When the build step fails
Section titled “When the build step fails”If npm ci or bsc fails in the worktree, the affected signatures get an unresolved source location (the issue body says so explicitly and shows the transpiled file:line as a fallback). The build errors are listed in the run summary so you can investigate separately. Common causes: a tag too old to have bsconfig-prod.json, a dep version mismatch the lockfile doesn’t reconcile, or a transient registry hiccup.

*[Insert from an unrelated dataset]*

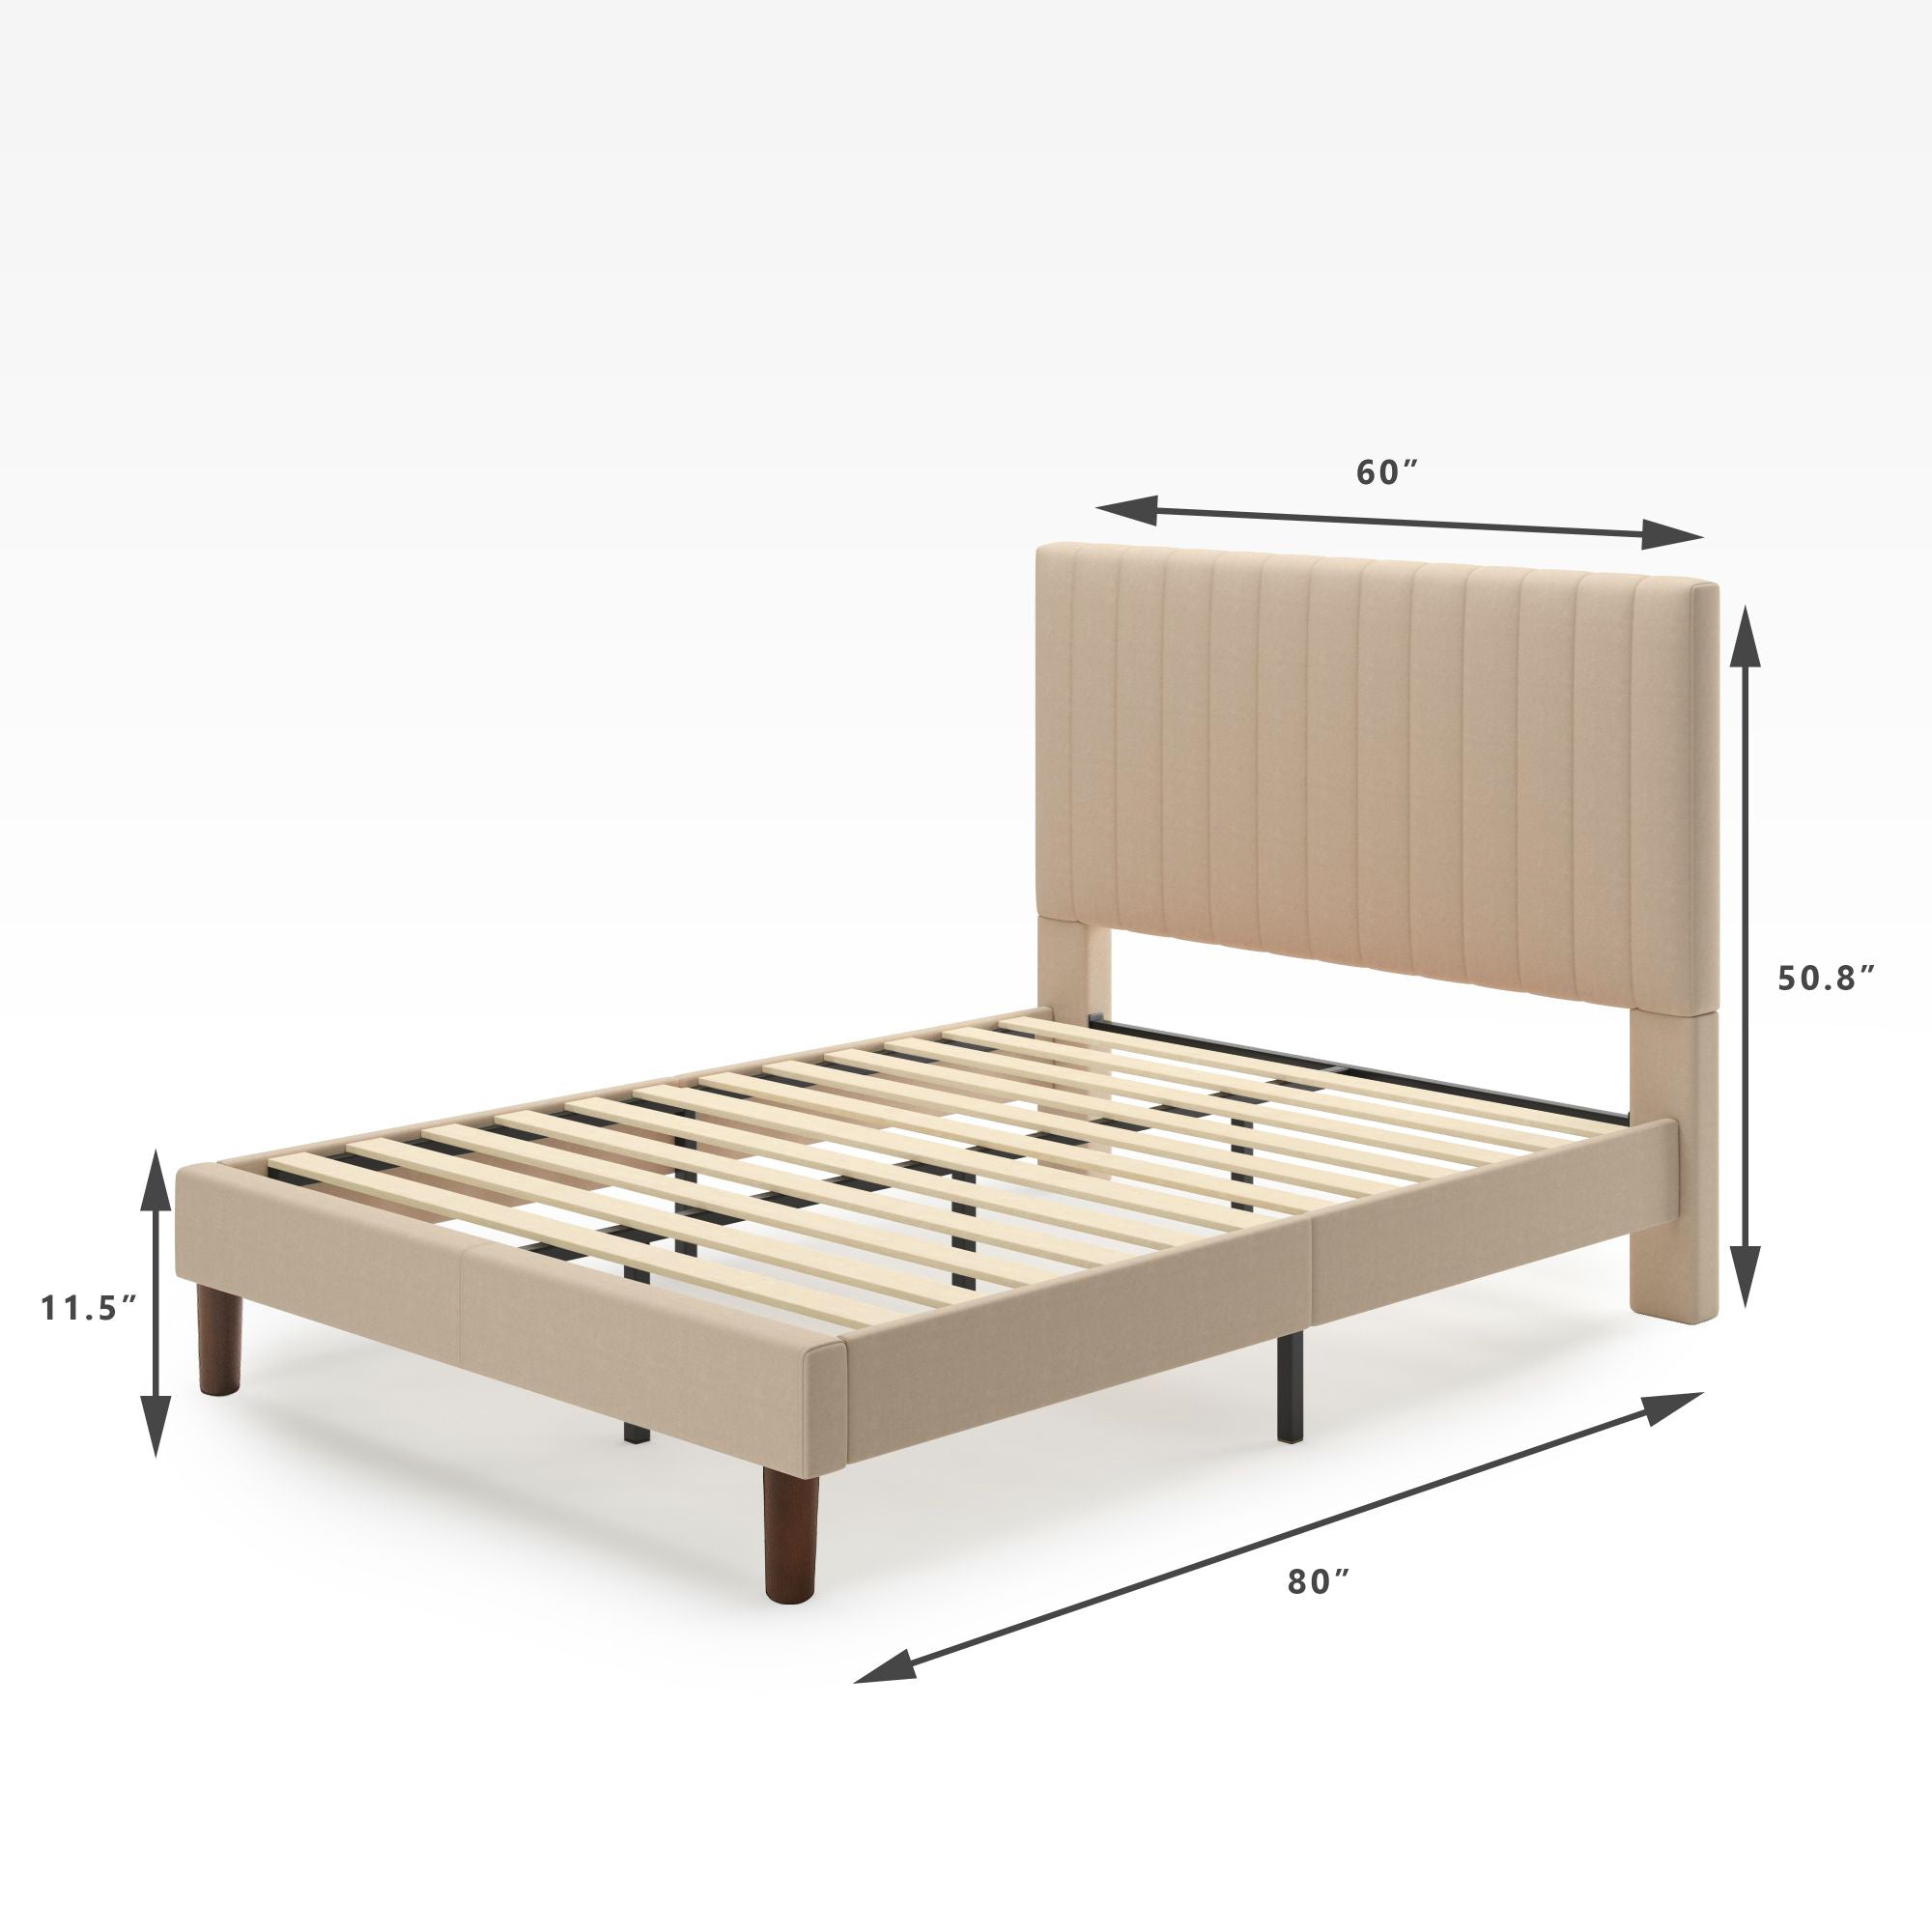 Debi Upholstered Platform Bed Frame

Re-running on the same report
Section titled “Re-running on the same report”Safe — the skill is idempotent. New issues won’t be duplicated (dedup matches them); open matches get a duplicate “new occurrences” comment (visible noise, harmless). Prefer running once per weekly report on the freshest CSV.
Backfilling backtraces onto already-filed issues
Section titled “Backfilling backtraces onto already-filed issues”If a batch of issues was filed without --dashboard-csv and you later want to attach the multi-frame backtrace + locals, just re-run with the same email CSV plus --dashboard-csv <path>. The dedup search will find each open issue, switch the action from create to comment, and the comment body includes the backtrace section in addition to the “new occurrences” stats. Closed-match (regression) comments are likewise enriched. Dashboard-only signatures with no matching email row are still ignored (no email row → no occurrence stats → nothing to threshold on).
The script’s deterministic logic (CSV parse, grouping, threshold, category inference, body rendering, dedup search parsing) is covered by tests/scripts/unit/crash-report.test.js. Run with npm run test:scripts -- crash-report. The build + GH integration paths are exercised manually against the sample CSV at tasks/sample-crash-report.csv (gitignored).